C. Eccentricity vs. Observations

• Two-body relaxation naturally produces a population of highly eccentric EMRIs.
• However, timing models of observed QPEs suggest low eccentricity ($e \lesssim 0.2$).
• Imposing low-eccentricity constraints drastically reduces the predicted rates for both stars and sBHs, potentially pushing theoretical predictions below observed values.

5. Significance and Implications

• Viability of the Impact Model: The study confirms that the EMRI-TDE disk impact model is a viable explanation for QPEs, provided the progenitors are main-sequence stars.
• Challenge for sBHs: The sBH channel is strongly disfavored under standard two-body relaxation dynamics due to the stringent orbital constraints required for the emission mechanism.
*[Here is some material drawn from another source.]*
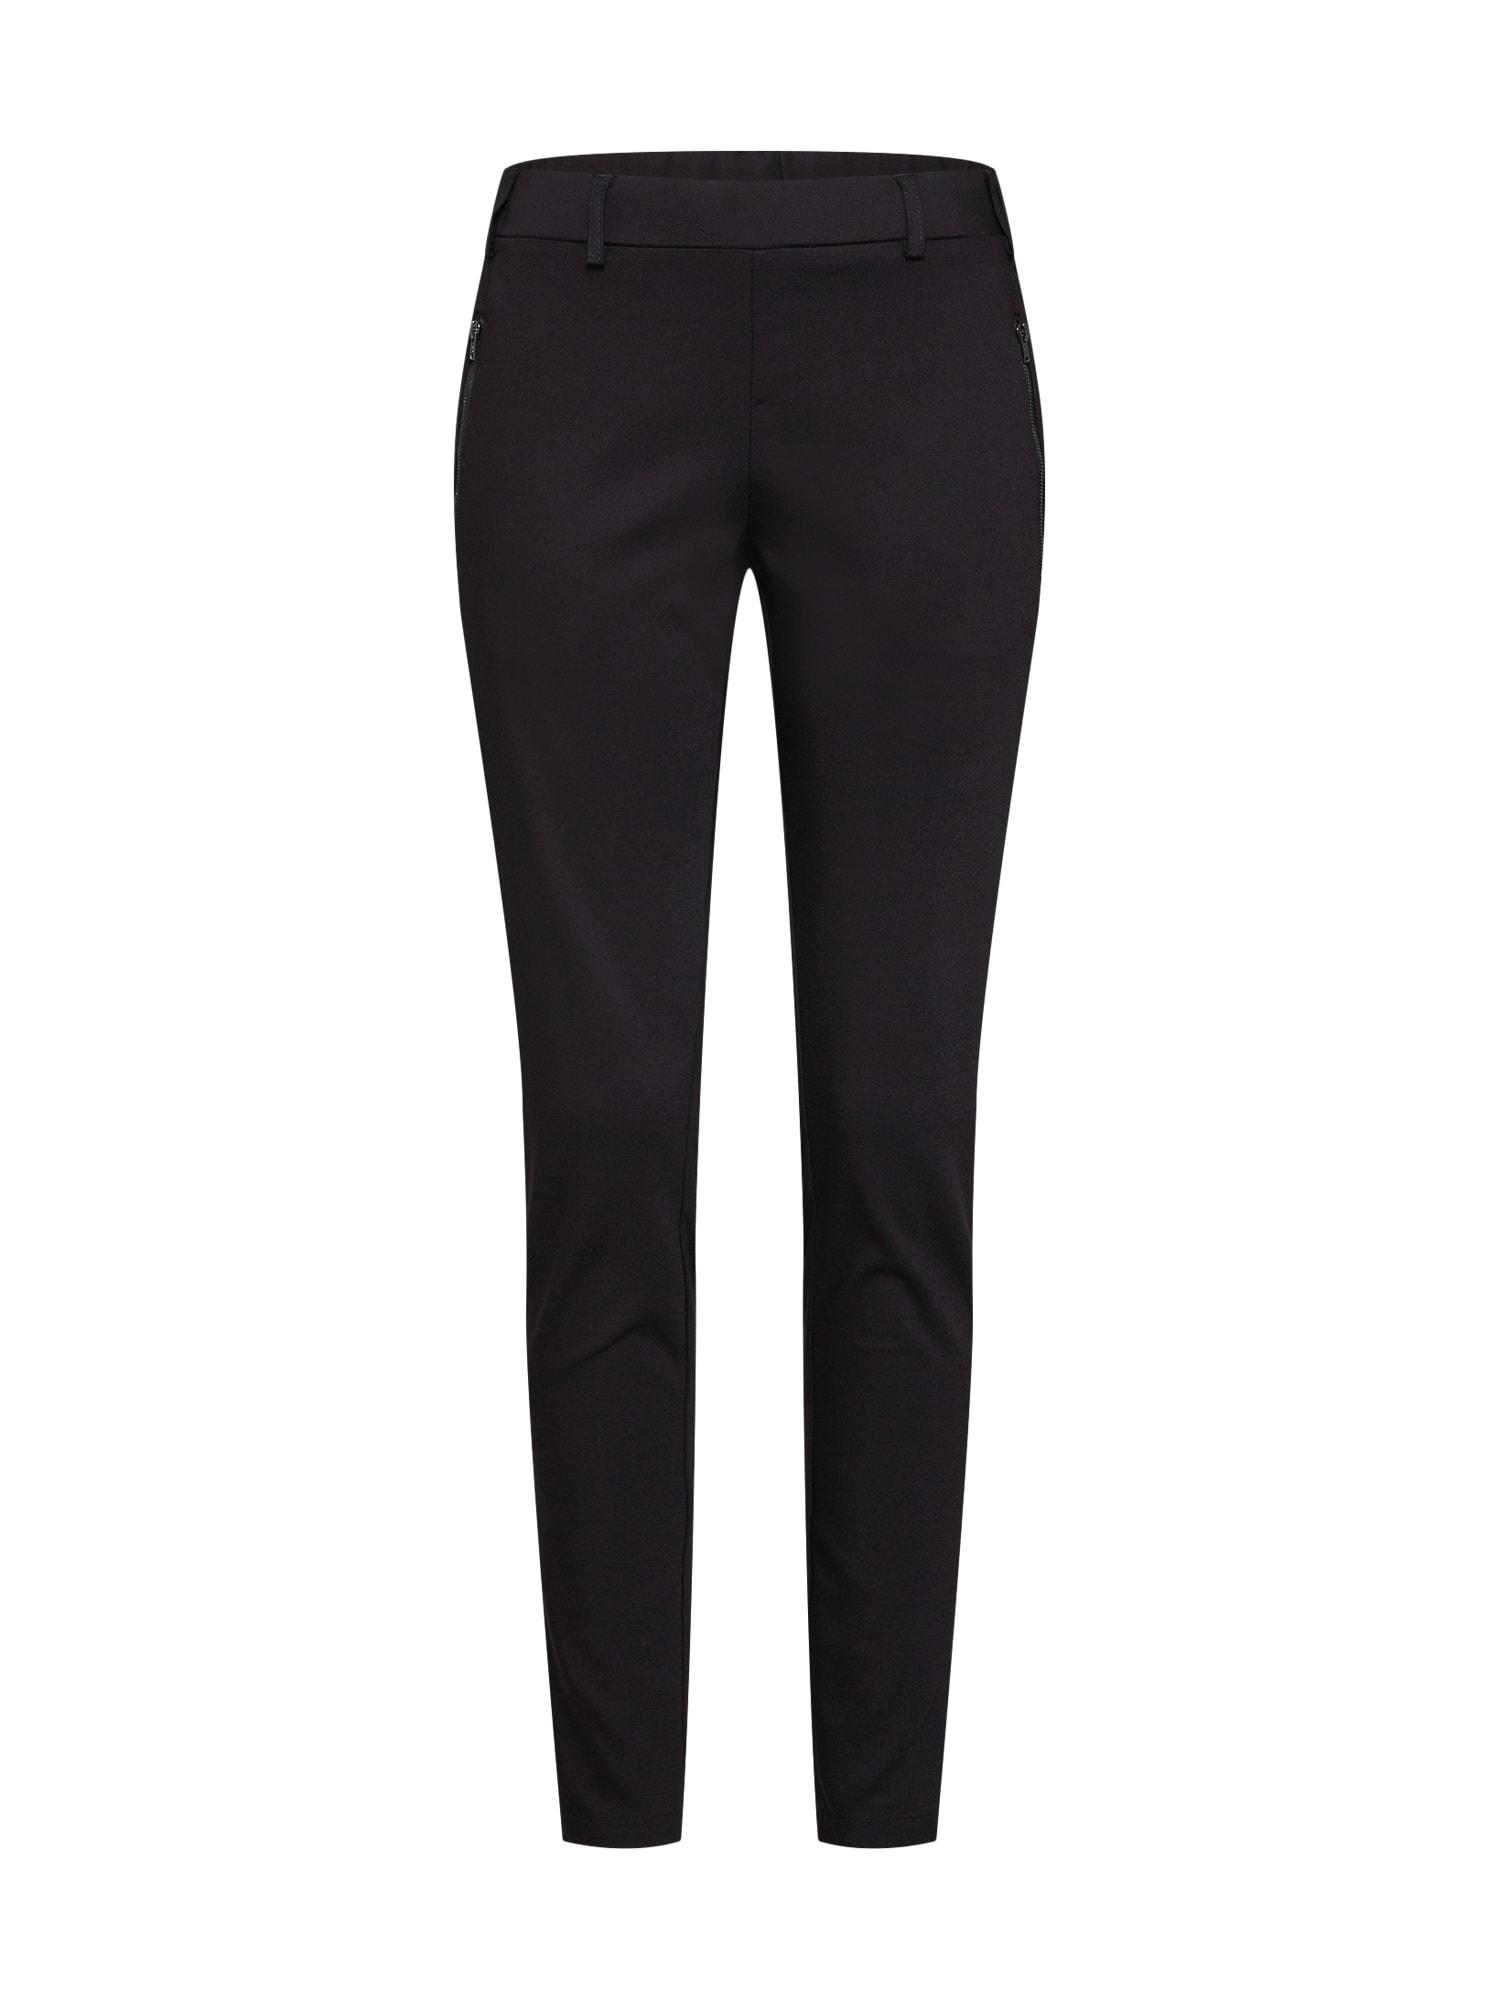 Kalhoty s puky Vera Pants černá Kaffe
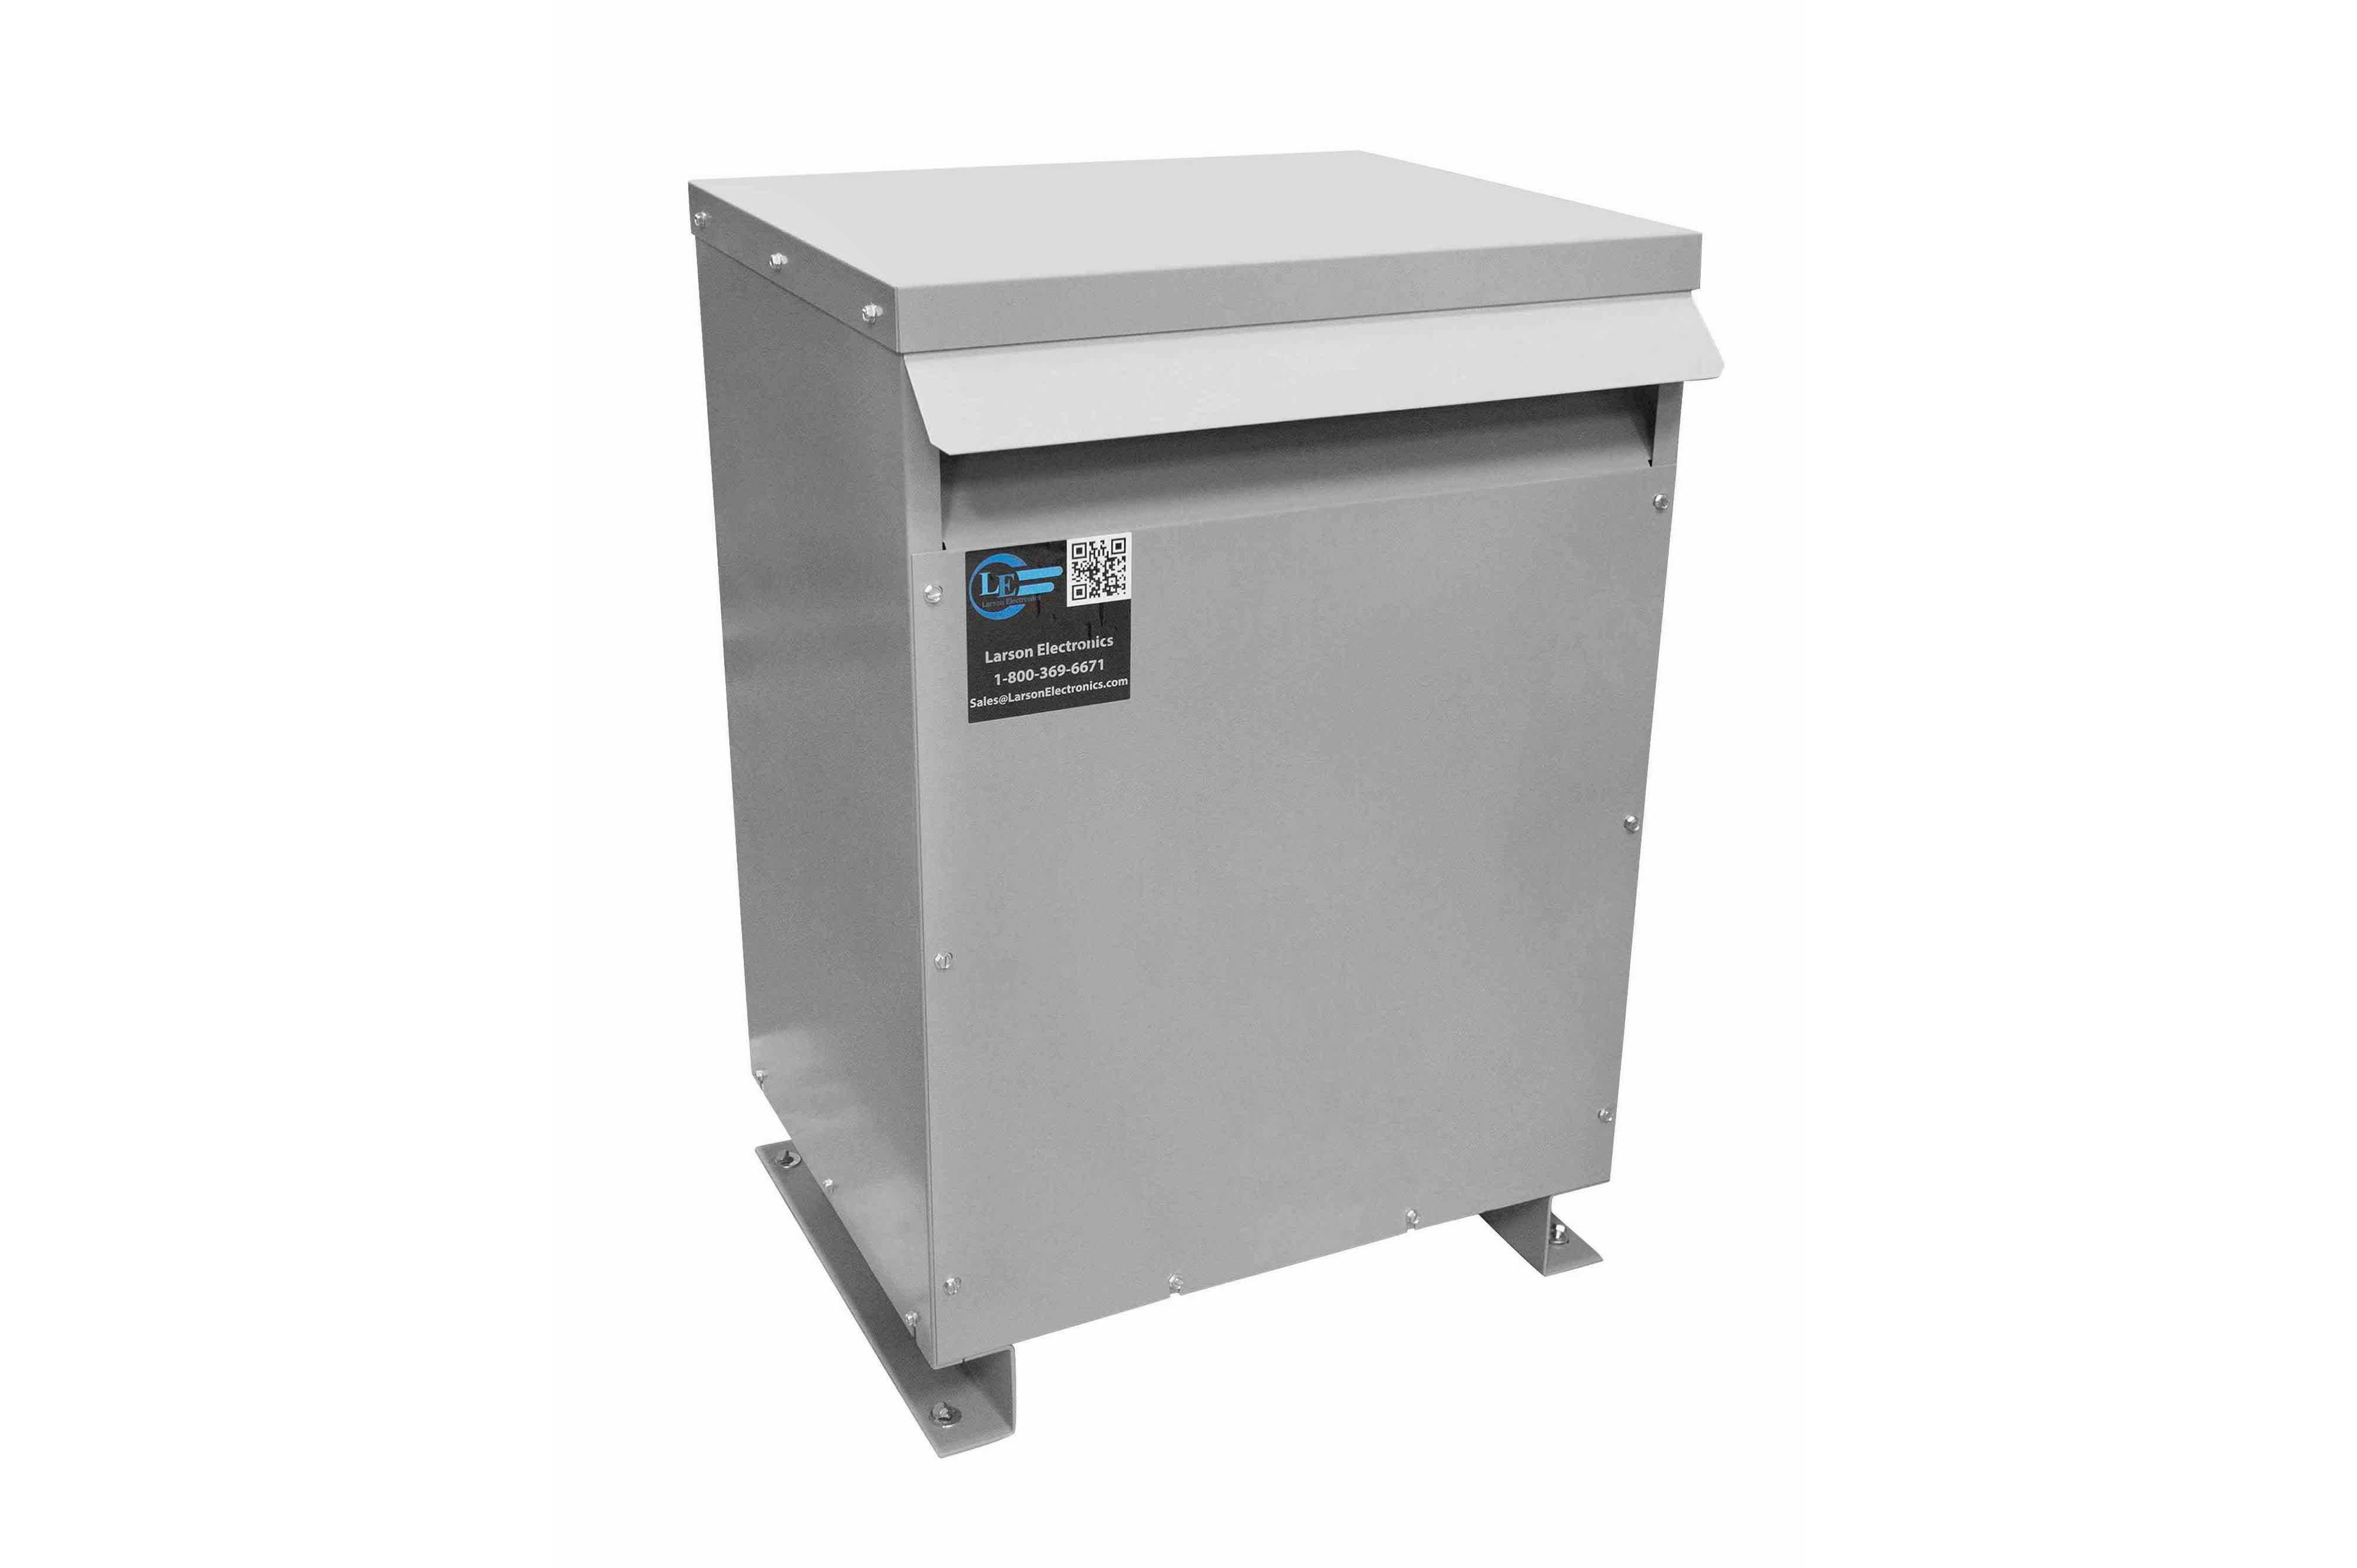 115 kVA 3PH Isolation Transformer, 460V Delta Primary, 380V Delta Secondary, N3R, Ventilated, 60 Hz

This suggests that if sBHs are the progenitors, alternative formation channels (e.g., binary deposition, migration in AGN disks) that produce low-eccentricity, low-inclination orbits must be dominant.
• Multimessenger Astronomy: The results highlight the tension between dynamical predictions (high eccentricity) and timing observations (low eccentricity). Resolving this could identify QPEs as electromagnetic counterparts to future LISA gravitational wave sources.
• Future Directions: The authors suggest that refining galactic models, including MBH spin effects, and exploring non-relaxation formation channels are necessary to fully constrain the nature of QPEs.

In conclusion, the paper provides a rigorous dynamical test of the QPE impact model, strongly favoring stellar progenitors over sBHs under standard relaxation scenarios, while identifying the eccentricity constraint as the primary bottleneck for matching theoretical rates to observations.